▸ **Exercise details**
Every line of the material must be given again verbatim. Skip the images.

▸ **Recorded data**
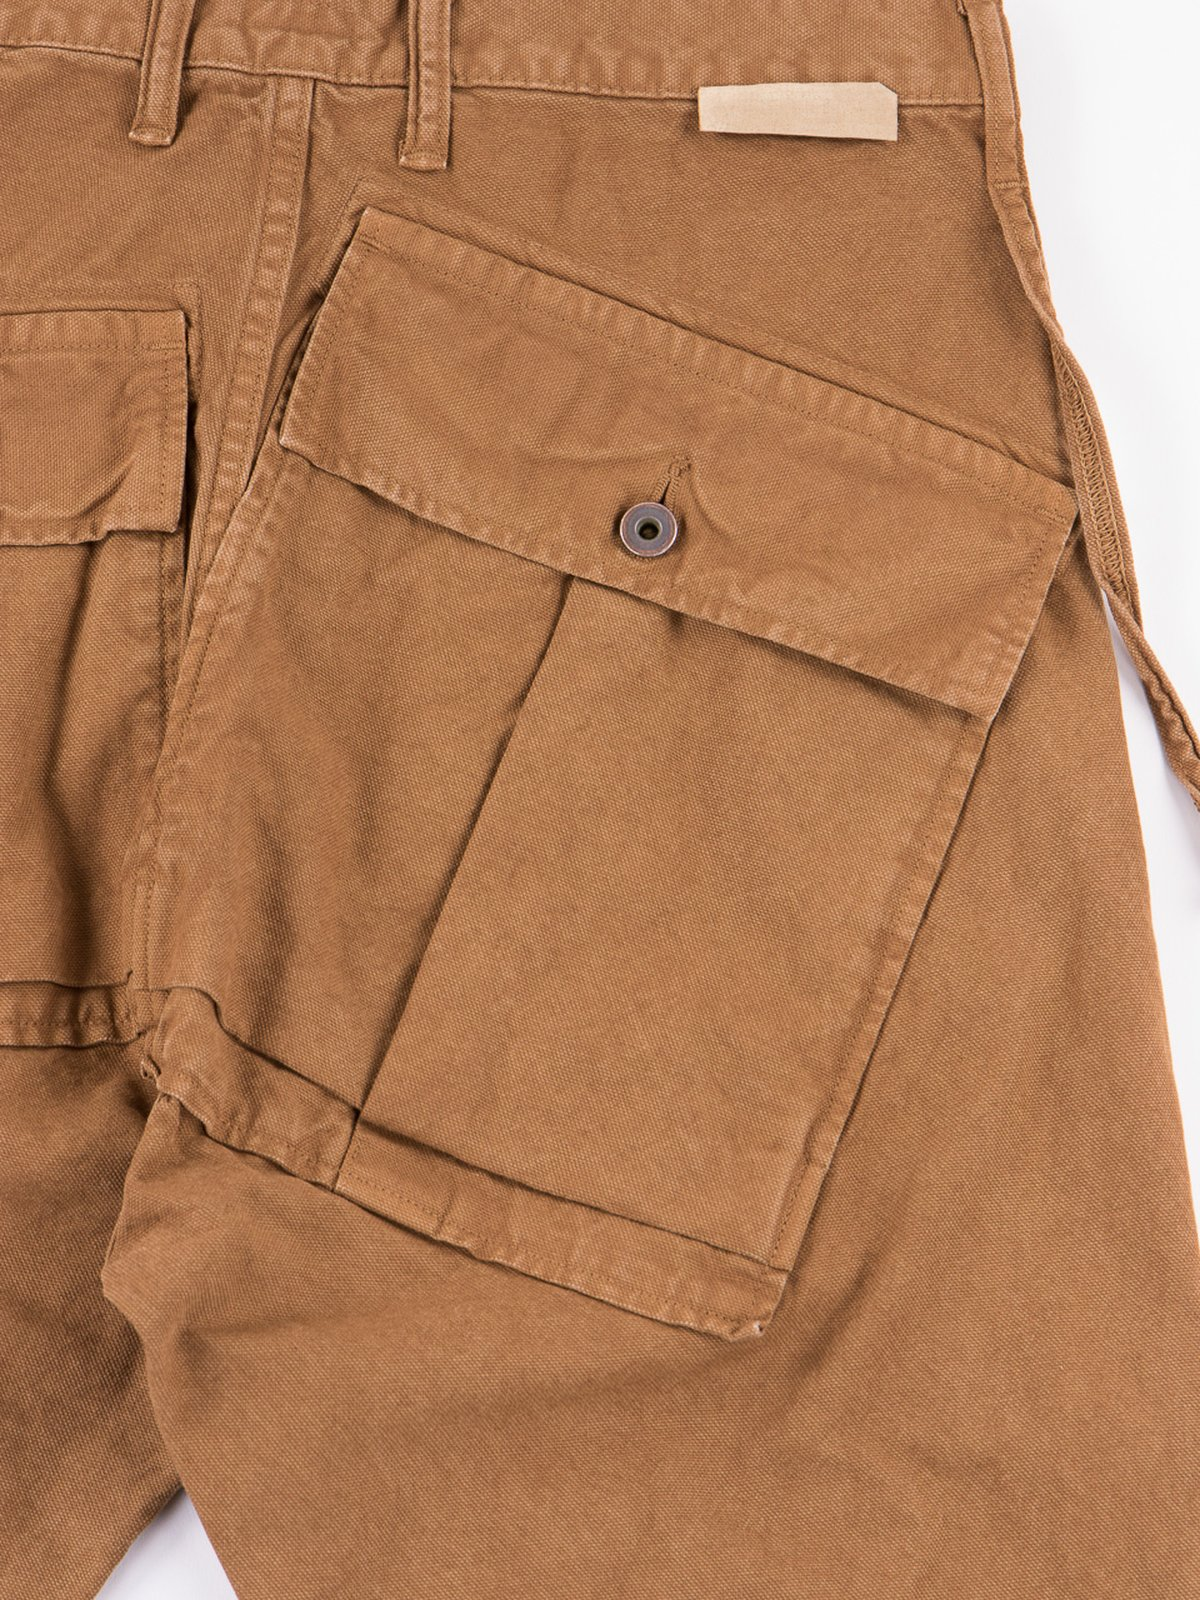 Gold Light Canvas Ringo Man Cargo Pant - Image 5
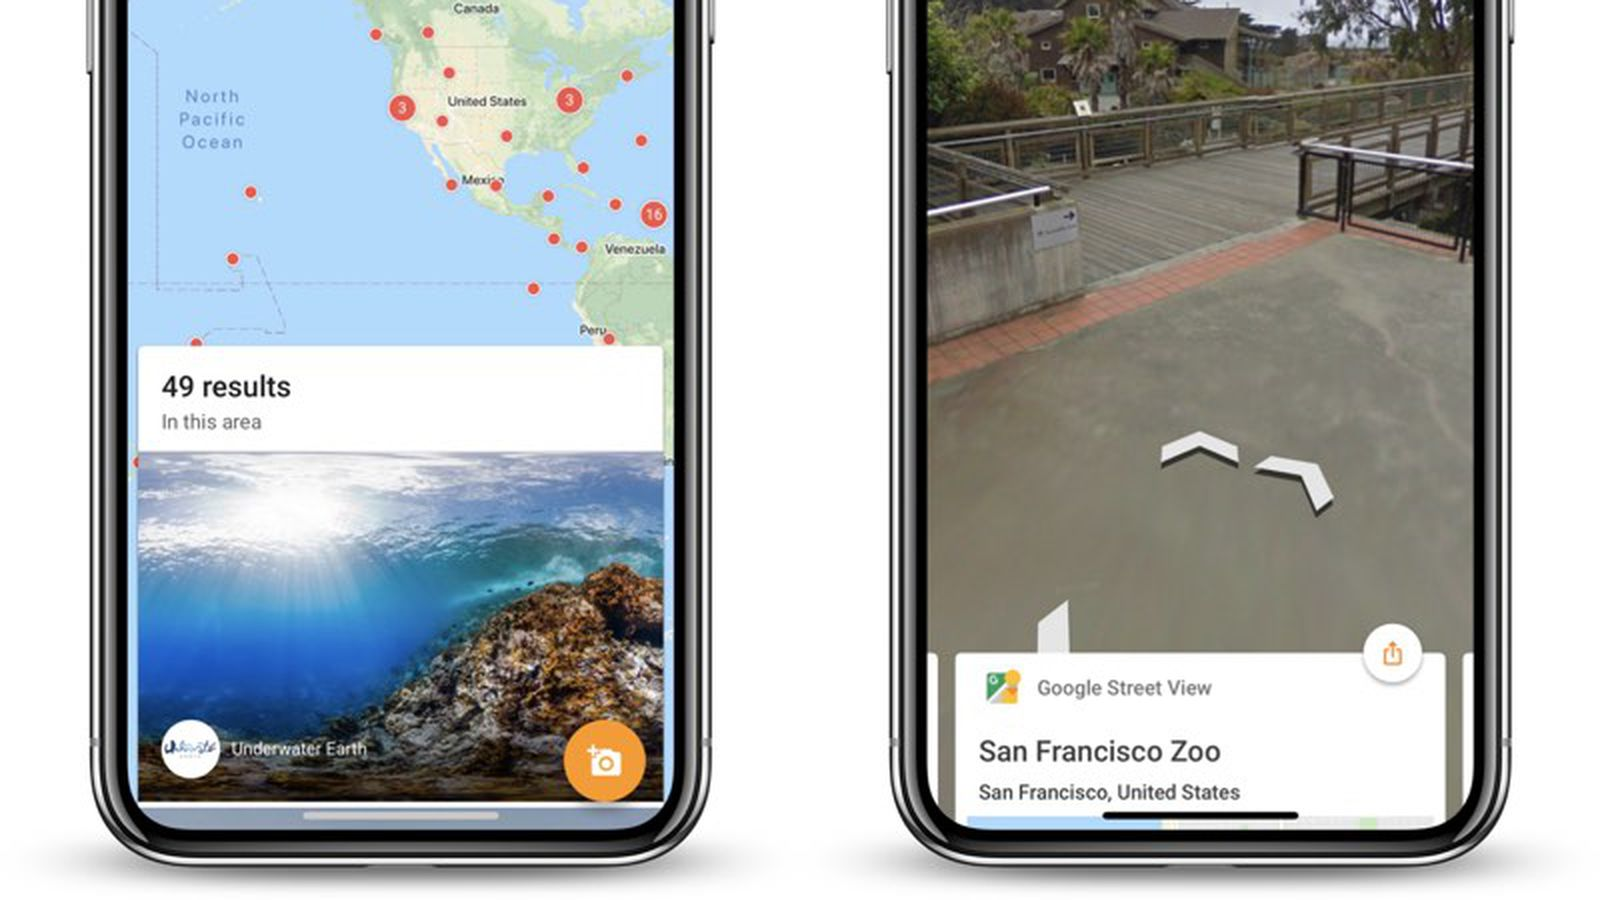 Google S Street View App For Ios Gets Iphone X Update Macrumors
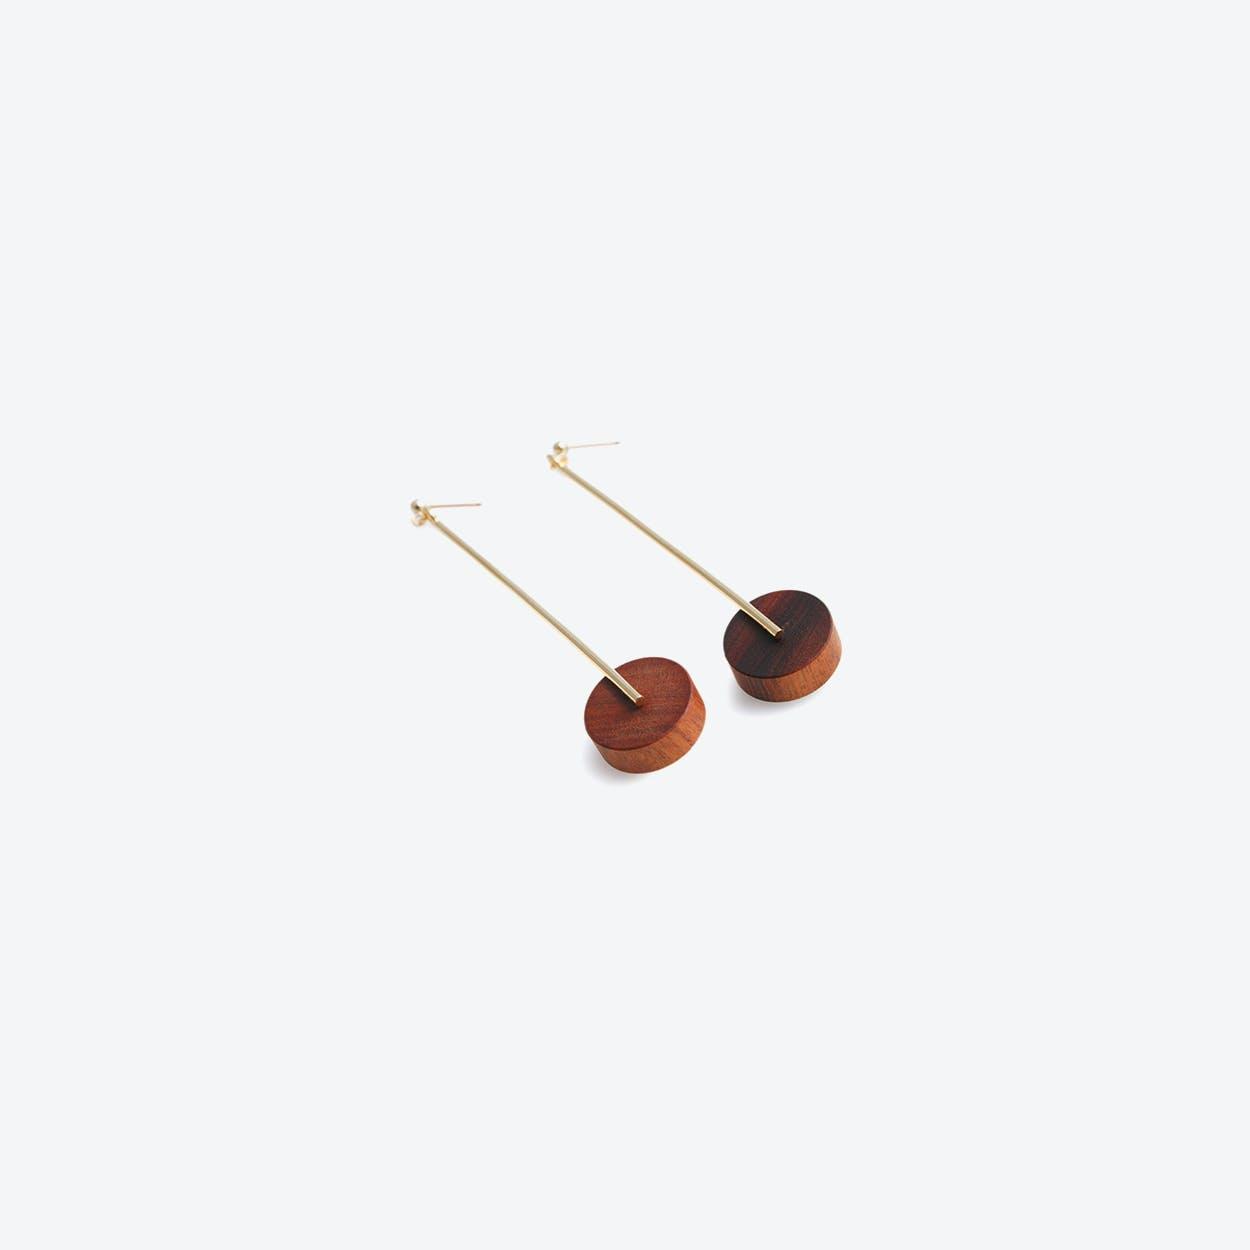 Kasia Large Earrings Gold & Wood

▸ **Response**
 Gold Light Canvas Ringo Man Cargo Pant - Image 5
 Google S Street View App For Ios Gets Iphone X Update Macrumors
 Kasia Large Earrings Gold & Wood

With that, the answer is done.